Bir zorluk anında, millî meselelerde birlik oluyor, kenetleniyoruz. Aynı zamanda trafiği de kenetlemeyi başarıyoruz.

Birinci kenetlenme için aferin bize, ikinci kenetlenme için yazık bize!

*

Bir de fırsatçılar var. “Kötü niyetli” diyeceğim de fırsatçının iyi niyetlisi olmaz ki!

İstanbul’dan bir esnaf, deprem bölgesi için battaniye alıp göndermek istemiş. Dün 125 lira olan battaniye, depremin ilk günü almaya gittiğinde 185 lira olarak karşısına çıkmış.

Birkaç tane değil, topluca almak niyetinde üstelik.

Sormuş: “Niye?”

Satıcı pişkin pişkin, “Bugün fiyat bu” diyor, “Yarın gelirsen, 220’den aşağı olmaz”.

Ne yaptı, bilmiyorum.
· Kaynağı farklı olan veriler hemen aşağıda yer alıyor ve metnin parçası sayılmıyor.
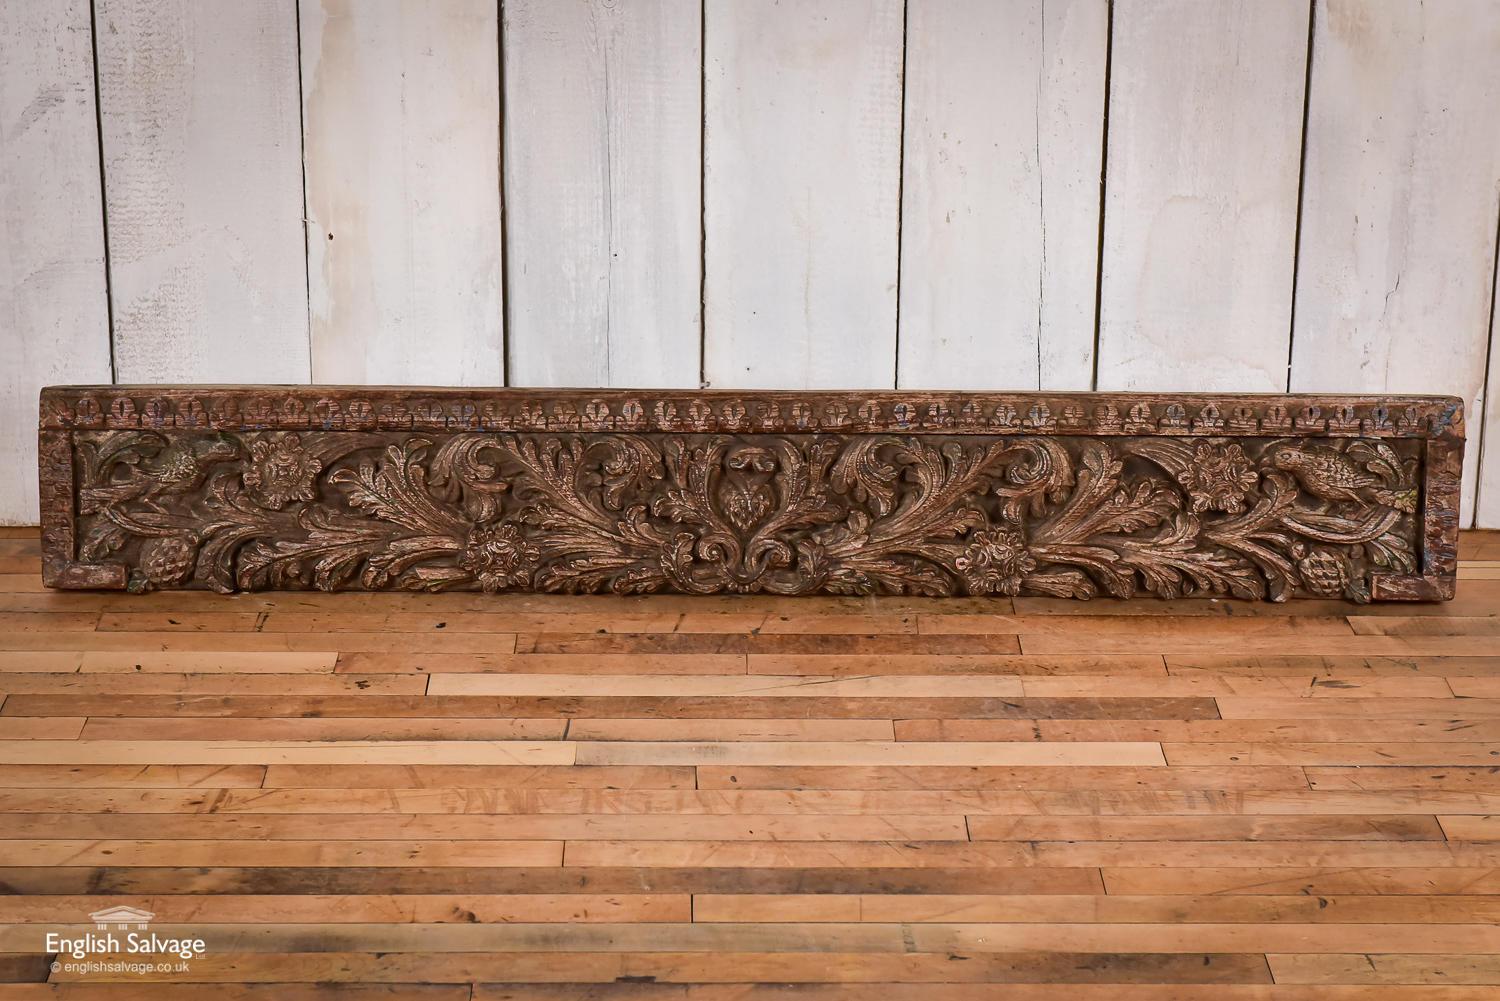 Antique hand carved teak panel with foliate scrolling and acanthus patination. Some wear to wood commensurate with age.

Bu kadarını anlattı.

Bir de üzüntüsünü dile getirdi:

“Namaz kılıyoruz, oruç tutuyoruz da böyle davranınca Müslümanlığımız ne oluyor? Bu mudur Müslümanlık?”

Demek ki battaniye satan kişi tanıdığı biri.

Şöyle cevap verdim:

“O arkadaş kendini Müslüman sanabilir ama yaptığı gâvurluk. Üstelik gâvur yapmaz bunu.”